I’m not sure what I thought I would find when I stepped inside the gymnasium the last Saturday night in March. I know that I was hoping to find my sister and enjoy the show–but I considered neither of those very likely given the crowd of people crammed inside the gym and the fact that I hadn’t been to a concert in over five years. As far as concerts go, I had thought that they were over for me–that they had simply become relics of my high school and early college years, along with all the music I had so loved and then lost in the autumn of 2008.
“Depression” was the word I typed into the Google search bar, which lead me to the identically titled Wikipedia article, which helped me to finally understand why I had lost the ability to enjoy anything, why I had no appetite and couldn’t get out of bed, and why the notes of my favorite songs no longer meant anything to me. By the time I lost music altogether I had long since abandoned any pretense of caring about the Christian music scene. Except for a few embarrassingly cheesy Christian CD’s that had initially guided my entrance into the world of music, I was a musical product of Blink-182 and all the pop-punk rock bands and Vans Warped Tours that followed so gloriously in their wake. Rather early on I had decided that Christian music was boring, often corny, and provided hardly any lyrics that I could actually relate to.
Except in the case of one band. Not all the cheesy Christian bands in the world could have kept me away from Relient K. I loved everything about them. The guys were young and cool and relatable. Their songs not only had that light-hearted pop-punk sound of happiness, but were also clever and funny. They never took themselves too seriously, and–most importantly–their lyrics actually provided a narrative of the Christian life that I could relate to. I’ve been listening to Relient K for over 10 years now, and on long car trips I can listen to their albums one after another and hear the story of my own walk with Christ. The lyrics are poignantly human, and speak honestly about the guilt, failure, confusion, and disappointment of living in the reality of our own sinfulness, but they also manage to cling to the hope and joy that come from being loved unconditionally by God. I hear the words of the songs, and know them as my own: “a fallen man’s praise”.
It’s funny what a band can see you through–fascinating, really, the way their music can chart your own growth…map your own life. It’s music that can bring back the subtle nuances of emotions and desires and fears that carried you through the days and months of your life–so that when you hear it: you’re not just in the present, but experiencing the past as well.
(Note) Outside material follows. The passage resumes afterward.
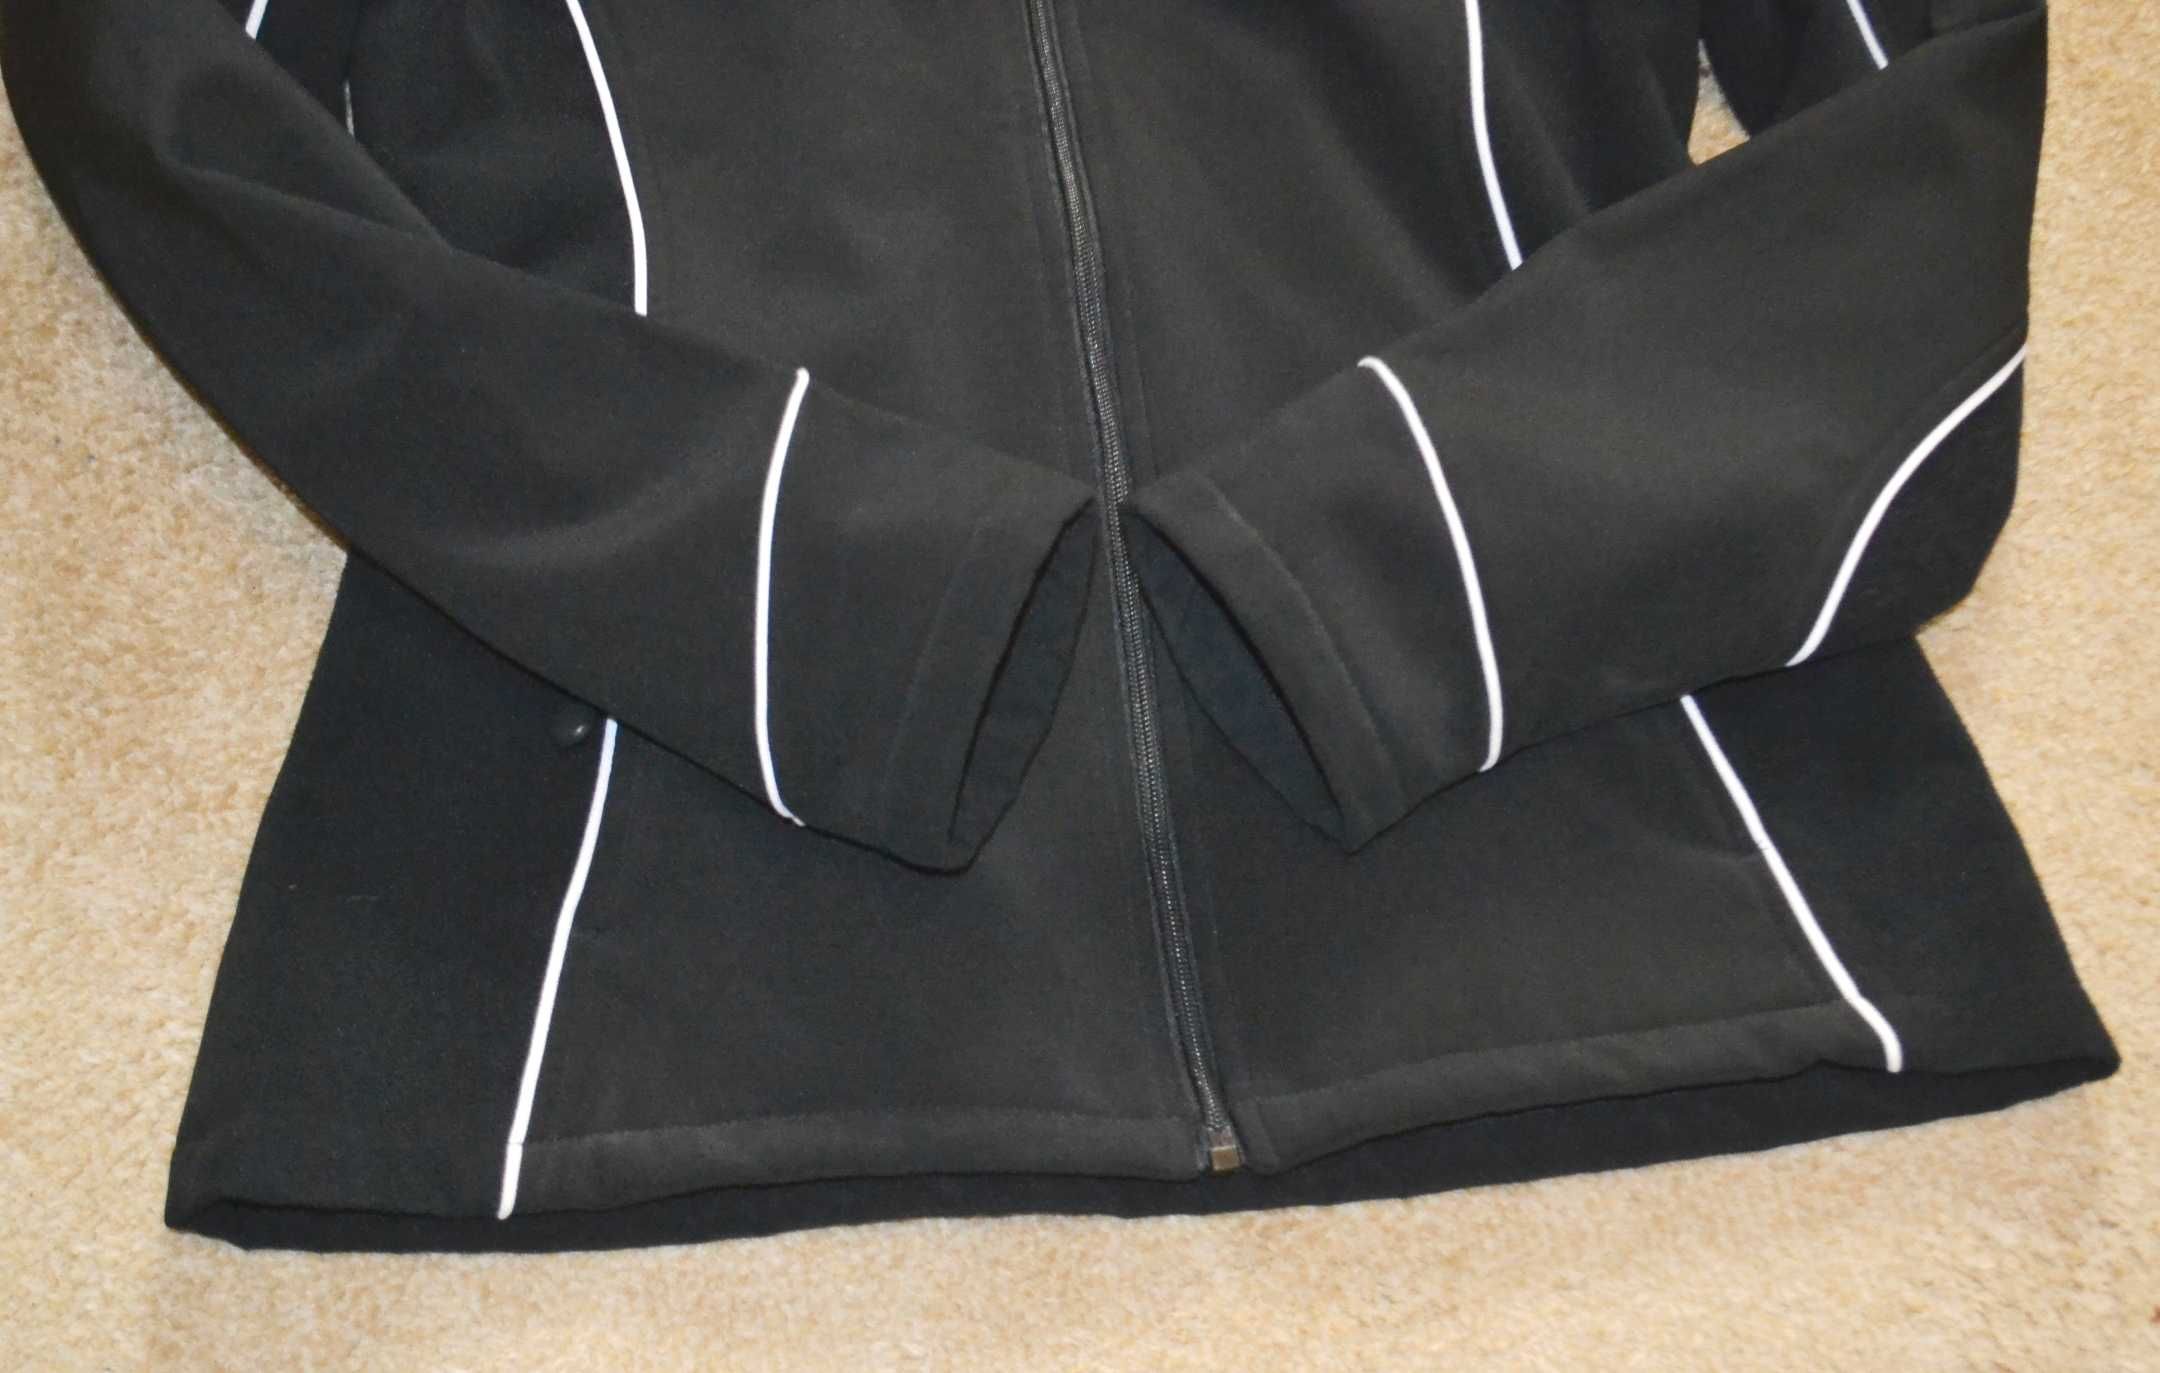 Куртка Softshell Next Sport размер 12/M

So as I said, I’m walking into the gym for a Relient K concert, 10 years after I first started listening to them. Eventually, I find my sister. The music starts and summons memories of high school rebellion and falling in love for the first time; a move across the country that paralleled my transition from childhood to adulthood; and then years spent relearning how to live after a depression that swept the ground from under my feet.
Before I know it, my sister, her roommate, and I are the only girls rushing into a mosh pit filled with tall sweaty guys twice our size, and we are pushing and shoving and dancing and falling over and helping each other up all for the sheer joy of the music and the freedom and the moment. The presence of ten years is with me in that mosh pit, ten years of struggling with God–wondering where He is, and why it’s this way, and who I am and if I’m living it right, and grasping in the dark for bits and pieces of His presence–and as I’m tossed about by the momentum of the music and the moshing, I know this show is my answer. The music plays on, as it has from the beginning, and as Matt Thiessen sings his heart out to lyrics that I know by heart–all I can feel, and think, and know, and experience are God’s faithfulness and His presence. The ten years are all there and God is there in all of them, and He has brought me here–to a place of dancing and happiness and things long dead coming back to life. Joys I once thought dead, or at least irreparably wounded, coming back to me as gifts from a kind hand.
I walk out of the gym two hours later, drenched in sweat, with a bit of a shiner beginning to develop under my right eye where I took an elbow to the face. It is raining. A light, cool rain that washes over us and leaves no doubt of what has happened tonight–a cleansing, and a healing of time itself and of my heart. Water flowing from the sky, from the kind hand that always holds me.